It’s estimated that thousands of homeowners have been ripped off with forced placed insurance, and they will be interested to know that the National Mortgage Complaint Center is beginning a national initiative to try to put right this scandal.
The watchdog is asking homeowners to contact them on their website, NationalMortgageComplaintCenter.com as they want to hear their story, and they have had enough complaints from consumers to know that this problem is huge.
Forced placed insurance is being put on homes that are empty and which may be liable to vandalism. This expensive and somewhat exotic insurance generally costs between three and five times the amount of a standard insurance policy. It doesn't take a genius to realize that the profit margins for banks and home loans servicing firms can be considerable.

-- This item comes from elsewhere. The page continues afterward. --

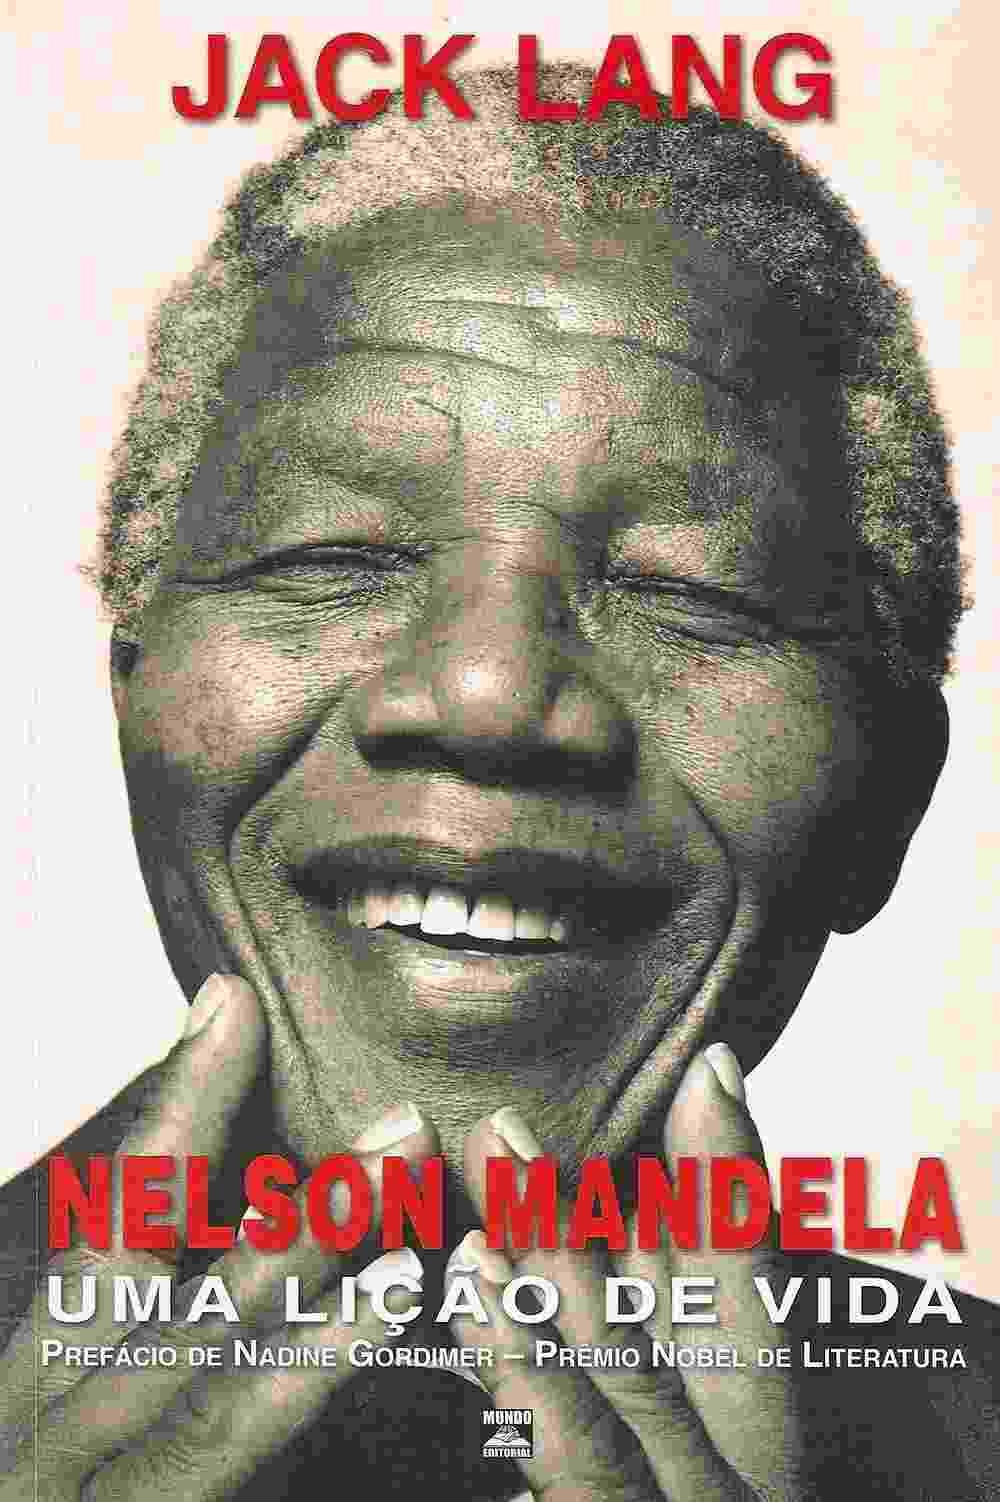 Capa de Mandela - uma Lição de Vida, de Jack Lang (2005) - Reprodução

The National Mortgage Complaint Center believes there could be tens of thousands of US homeowners who are paying this premium because their bank or loan servicing company has signed them up, in some cases without their knowledge. In many cases homeowners are already paying for a standard insurance policy and the problem has only come to light when they noticed their payments were much too high.
According to the National Mortgage Complaint Center, some homeowners have been told that forced placed insurance is required on their property. Apparently this isn't correct, as it's only necessary in cases where the house has been abandoned or vacant, or the homeowner has stopped making mortgage payments. The insurance policy cannot be applied arbitrarily.
It's the aim of the National Mortgage Complaint Center to identify every US homeowner who has recently been a victim of this forced placed insurance scam, and who has been paying for this largely unnecessary homeowner’s insurance on top of their standard insurance policies.
The scam is the banks could easily pay the home owner's prior insurance carrier that lapsed for far lower cost, and only if the prior carrier refuses should they be allowed to use their cronies insurance.
Well, I have had forced oplaced insurance put on my home after doing a modification with Litton Loan. They were to pay my insurance as they stated,and a year later we received a $4700.00 insurance escrow added to our mortgage. Our regular insurance was $1300.00. BIG difference. Theyare ripping me off, not to mention my new mortgage amount is $400.00 more a month. I have done alot of investicating about forced placed insurance, and they have alot of people out there that are being ripped off. Infact, it is being recognized and a class action lawsuit is in place as we speak. I pray that it happens soon. I cannot afford an additional $400 a month, especially when it was fromma year ago, and they messed up. Funny how 2011 I have my insurance agent again, and they paid my insurance. AMAZING!!!!!!!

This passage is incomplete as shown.